10, 9, 8, 7, 6… Ons ruimteschip beeft bij de ontsteking van drie hoofdmotoren, aangedreven door vloeibare zuurstof en waterstof. Het aanvankelijke gerommel bouwt snel op tot een gebrul, waarbij mijn stoel, de cabine en de hele raket worden geschud. Metaal ratelt op metaal terwijl de drie motoren zich tot volledige stuwkracht inspannen - een miljoen pond kracht die omhoog spant.

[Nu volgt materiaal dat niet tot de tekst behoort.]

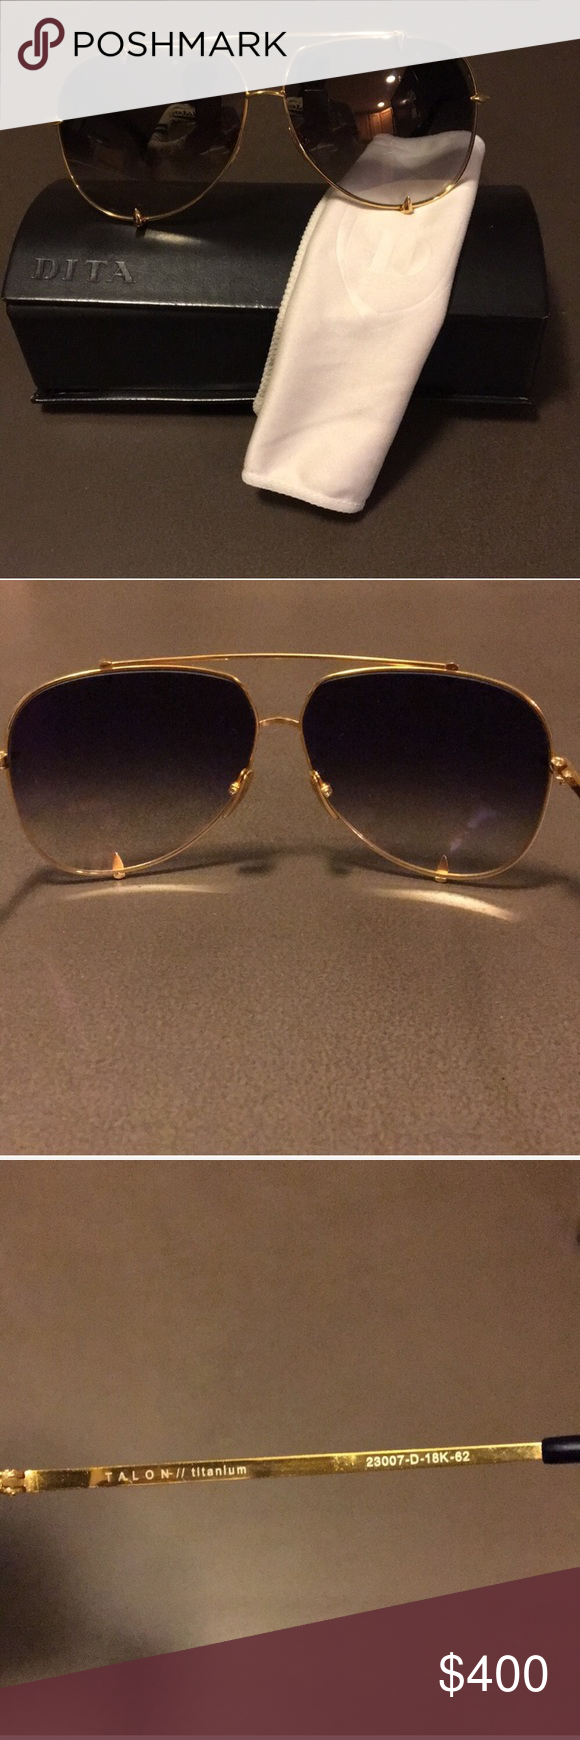 0d2b1e95a15e 18k Gold · Lenses · Sunglasses Accessories · Lentils · NWOT 18kGold  Black  titanium DITA Talon aviators NWOT Black  amp  18kGold DITA TALON aviator

5, 4, 3, 2, 1 ... Terwijl het aftellen nul bereikt, botsen onze twee solide raketaanjagers tot leven met een botschokkende impact. Mijn rugleuning geeft me een brute duw en we slingeren van het lanceerplatform, balancerend op een pilaar van witgloeiend vuur. Zeven miljoen pond raketstuwkracht schudt mijn bemanning terwijl we over de Atlantische Oceaan vliegen en ons met het hoofd naar beneden rollen in onze stoelen voor de klim naar een baan om de aarde.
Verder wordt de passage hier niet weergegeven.